The CPSU last week called out the pay deal offered to staff at the public service’s own industrial enforcer — which includes a 4.5 per cent pay rise without the winding back leave and other entitlements conditions — as a significant change from offers to other agencies because of what the union’s National Secretary Nadine Flood was the use of workforce cuts over the last 12 months to fund the pay offer.

The APSC’s offer is at the very top end of what other agencies have offered their staff in the present bargaining round with some bureaucrats offered as little as 0.5 per cent a year. A number of other agencies have also tried to marginally extend working hours and prune back some leave and higher duties pay entitlements.

“This is a shift from the previous advice agencies have received from the APSC, as relayed to the CPSU across a number of the 87 active bargaining tables,” Ms Flood said last week.

But the APSC has now moved to try and counter that interpretation, with a spokesperson telling Government News that “workforce re-profiling and business re-engineering or restructuring have been available as productivity offsets for bargaining since the introduction of the Bargaining Policy in March 2014.”
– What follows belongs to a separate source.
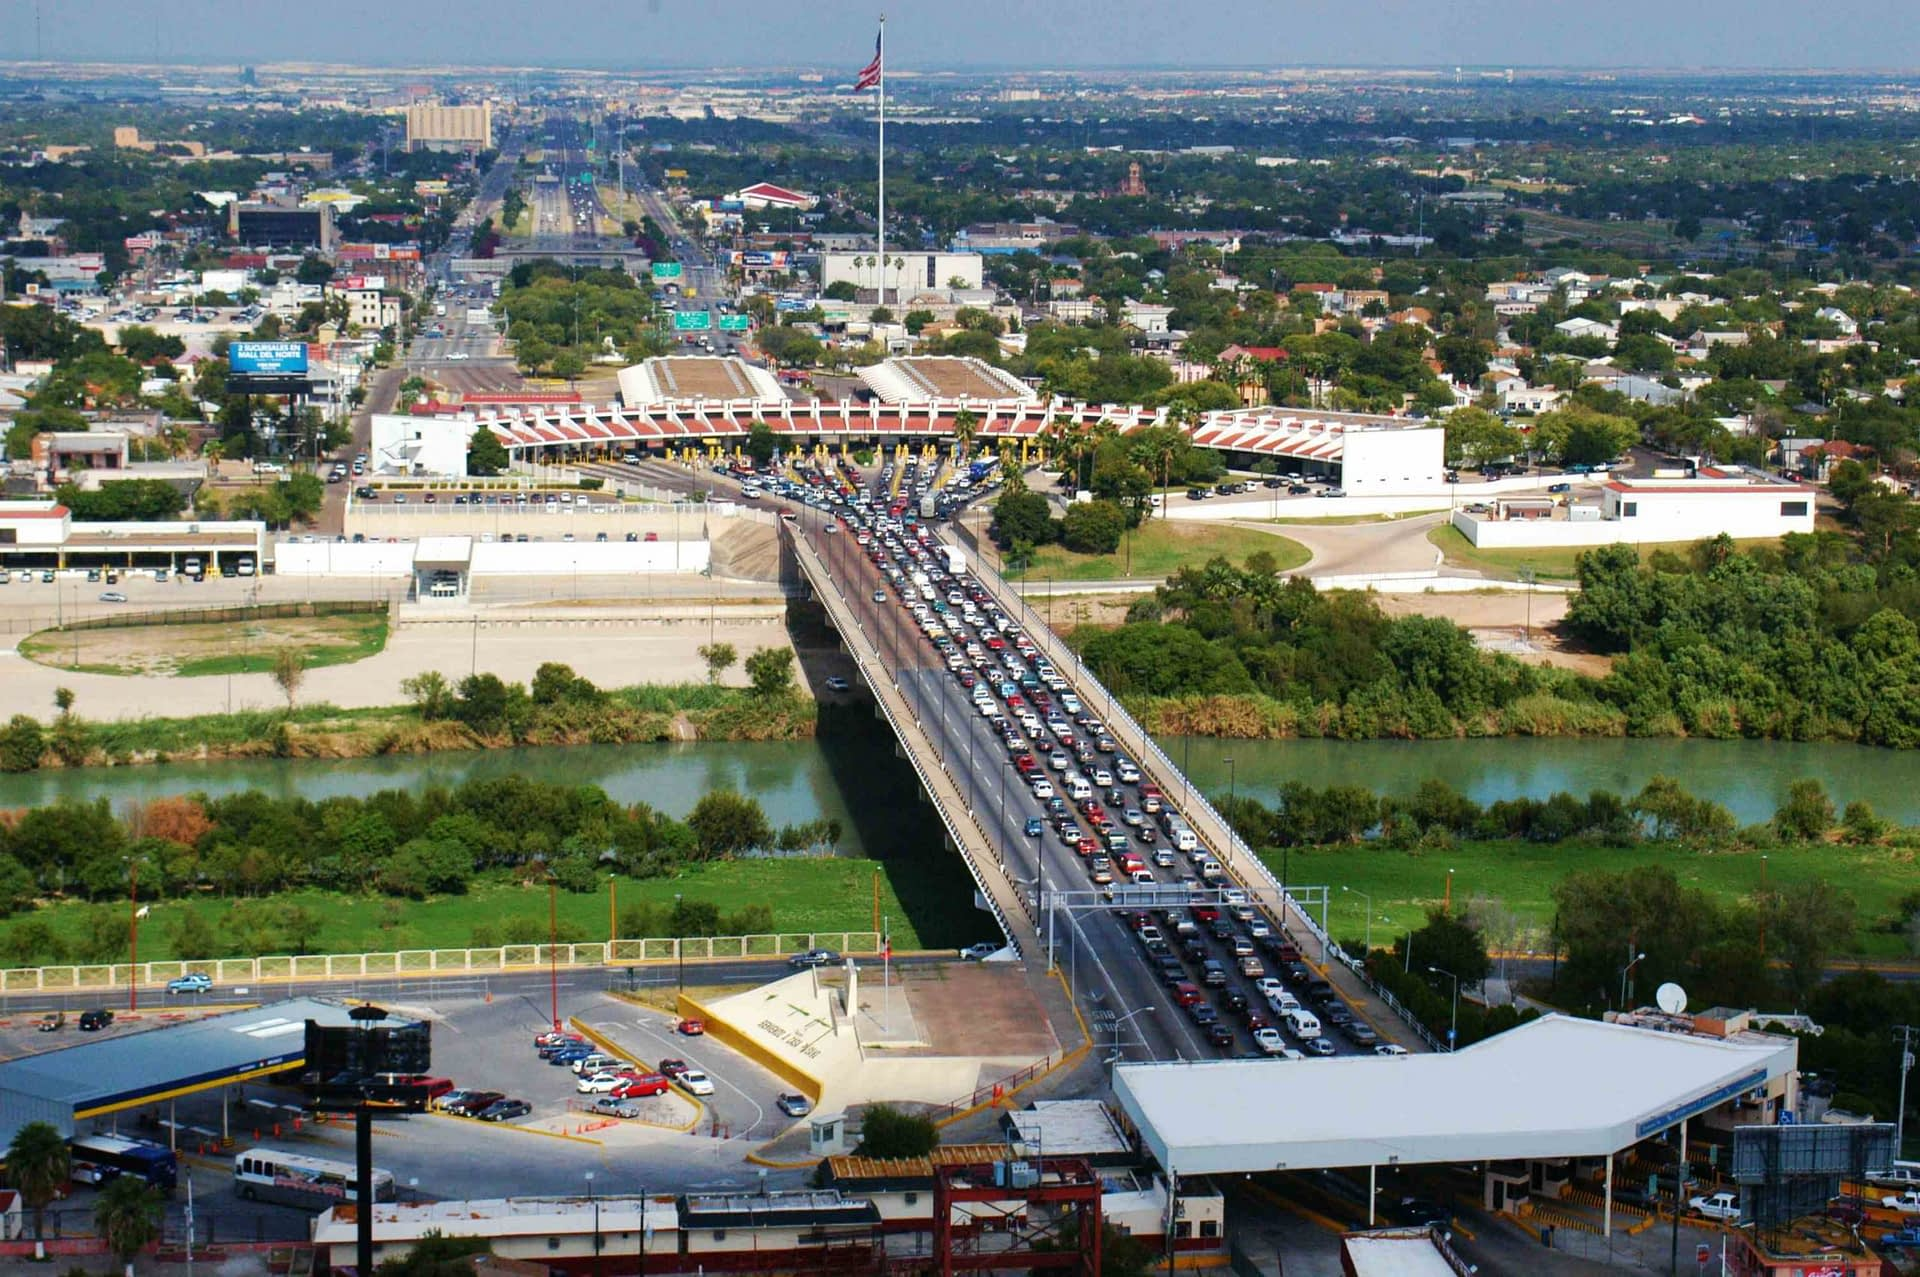 Laredo and Nuevo Laredo seek to minimize the impact of the pandemic
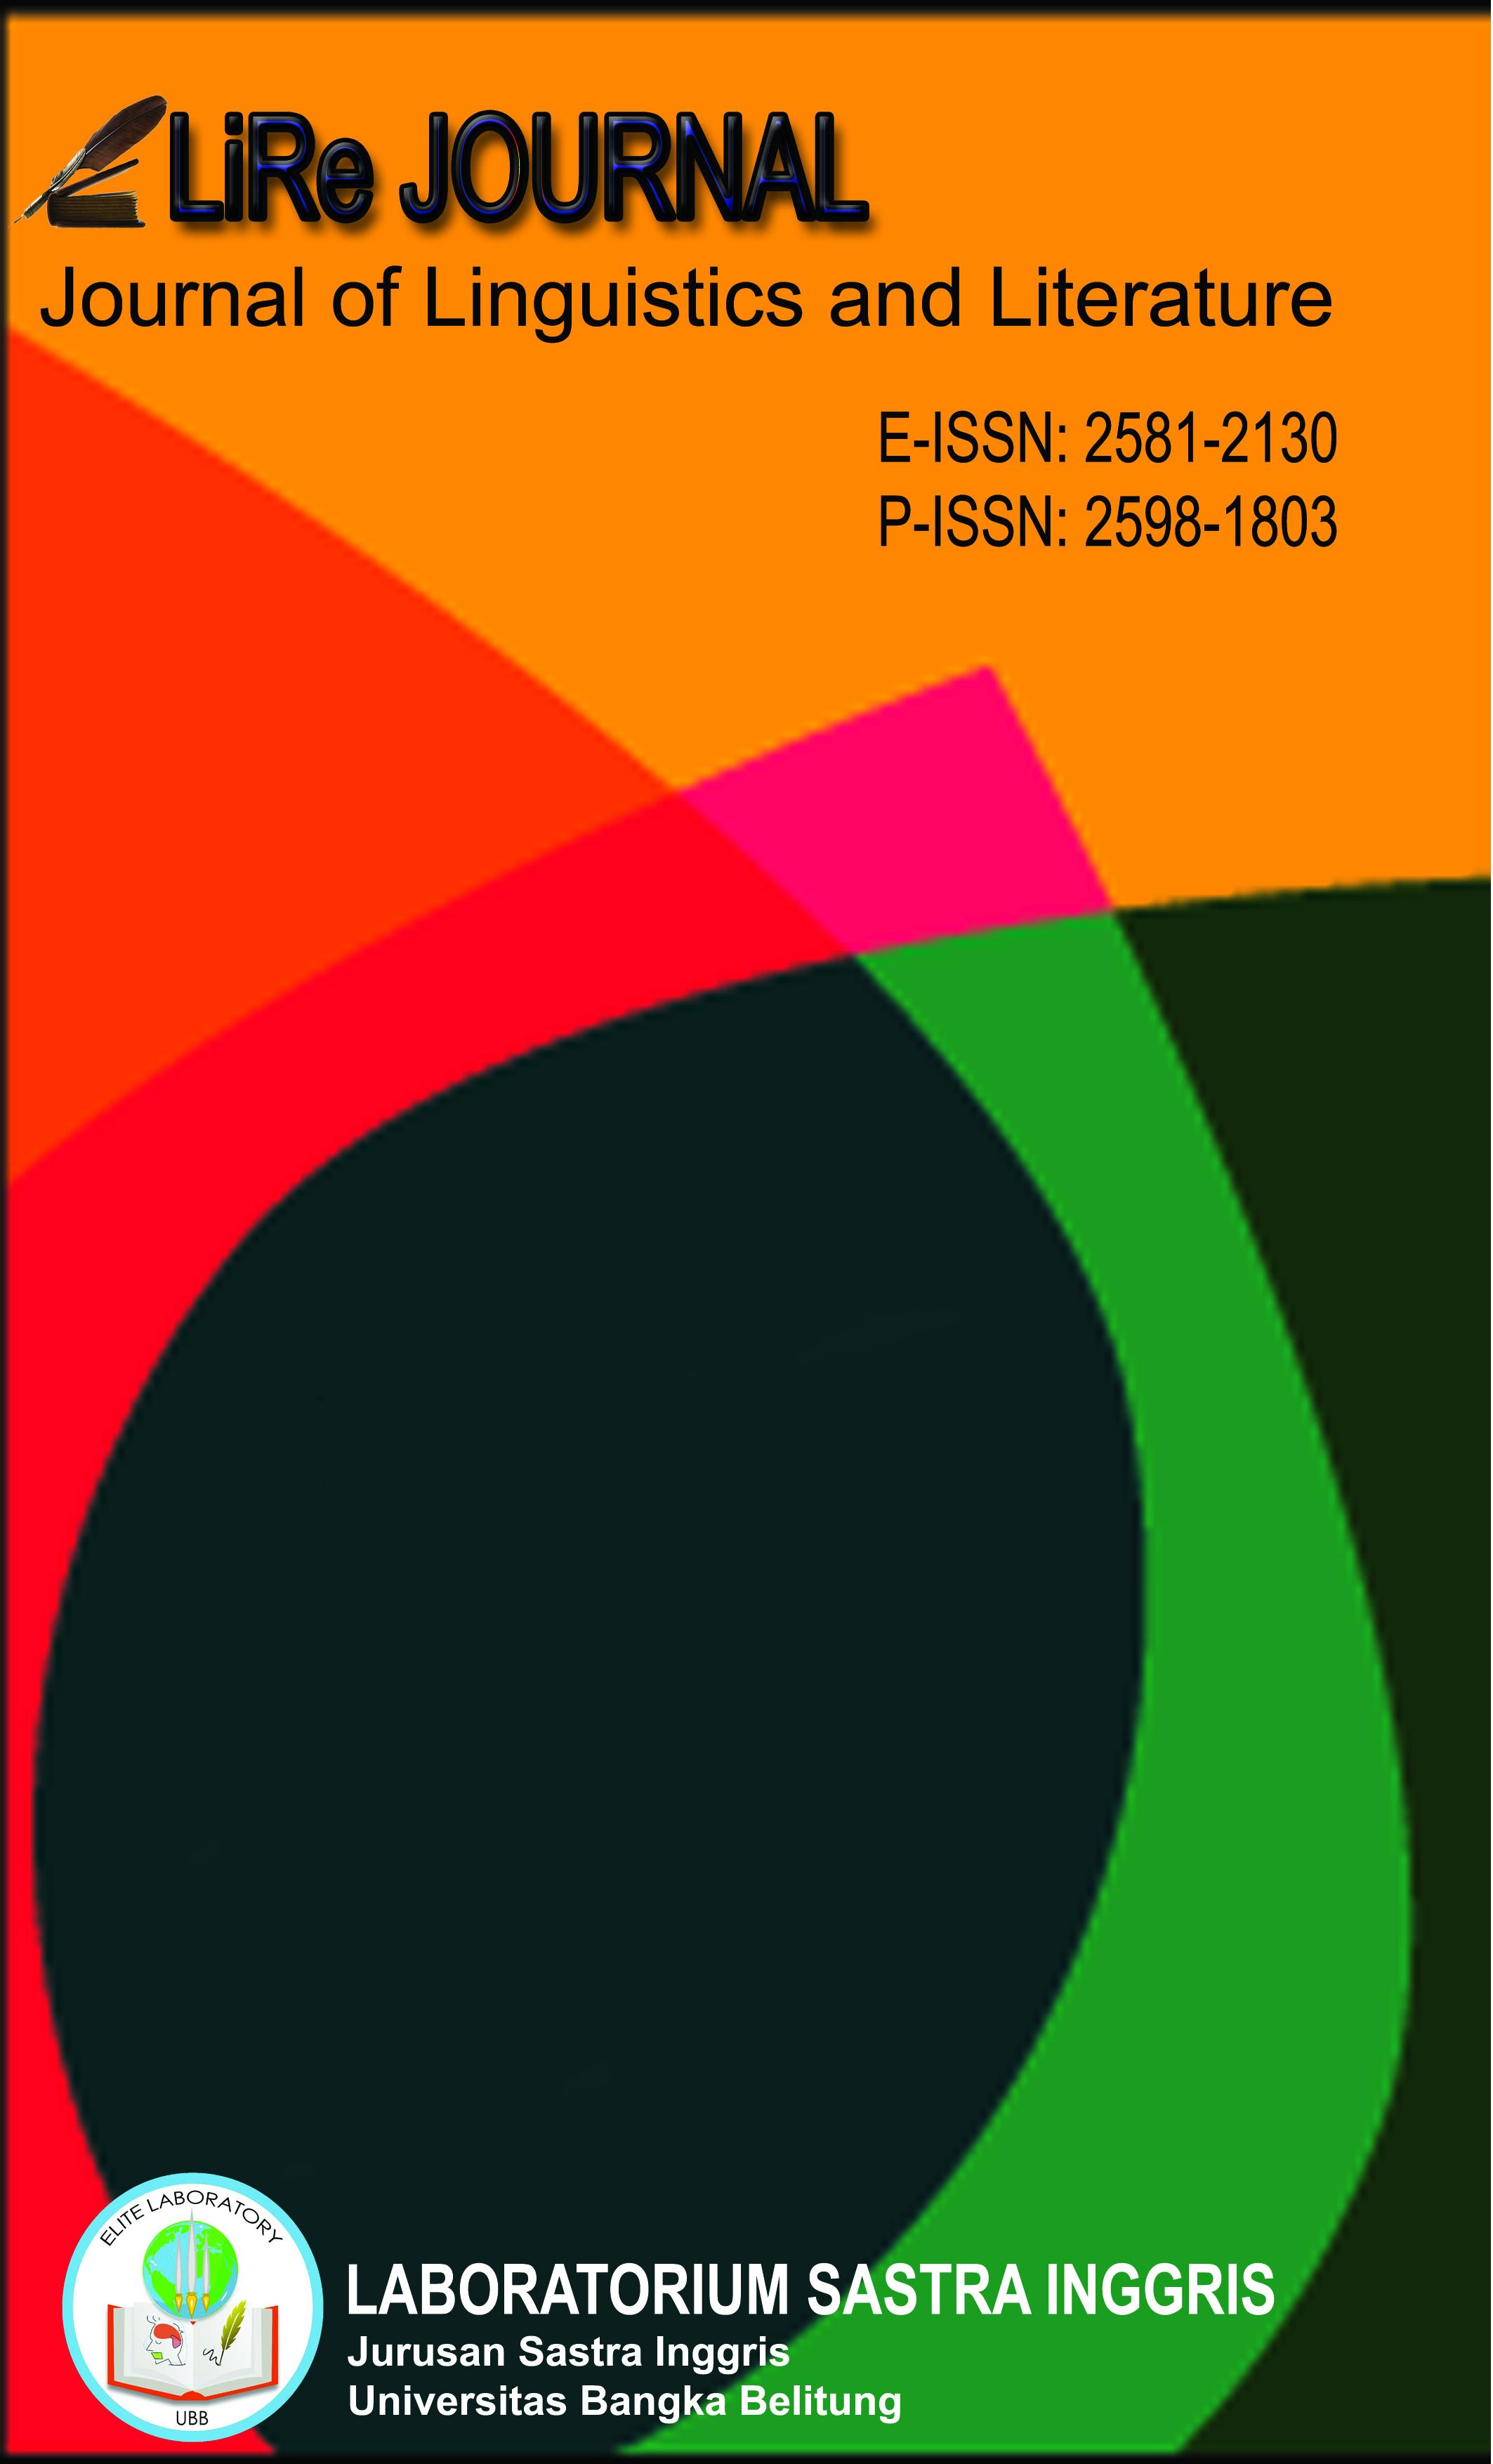 Lire Journal (Journal of Linguistics and Literature)

Any notion of a real or perceived backdown by the APSC in the face of prolonged and escalating union action is clearly a sore point as both sides get to the pointy end of negotiations.

“There has been no shift in the government’s bargaining policy,” the APSC spokeswoman said.

“The [bargaining] policy states that “Genuine productivity gains are demonstrable, permanent improvements in the efficiency, effectiveness and/or output of employees, based on reform of work practices or conditions, resulting in measurable savings”. Enterprise Agreements must be funded from within Agencies[’] existing budgets.”

A key bone of contention is a push by the APSC to remove what it calls “restrictive work practices” — language that the CPSU is highly wary of because the union’s suspicion it could be used as a cover to move some employee conditions and rights now written in Enterprise Agreements over to less black-and-white workplace policy.

However the APSC and its head, John Lloyd, have importantly indicated a less constrained approach to acknowledging productivity gains bowled-up by agency chiefs to try and get a deal over the line.

“The Commissioner has advised agencies that he is prepared to consider a broader range of productivity initiatives than had previously been the case, particularly where those initiatives have not been able to be precisely quantified but would clearly result in a productivity gain,” the APSC spokesperson said.

“These would include, for example, removing restrictive working arrangements from agreements which, once implemented, would lead to cost savings, or initiatives to reduce unscheduled absences.”

Meanwhile, the APSC has outwardly defended its proposed pay deal to staff and said the “offer is not unique or unusual.”

The view from inside the APSC is a little more upbeat.

“This is a good pay offer—at the very top of what other agencies are offering,” the APSC wrote to its employees when outlining its bargaining position.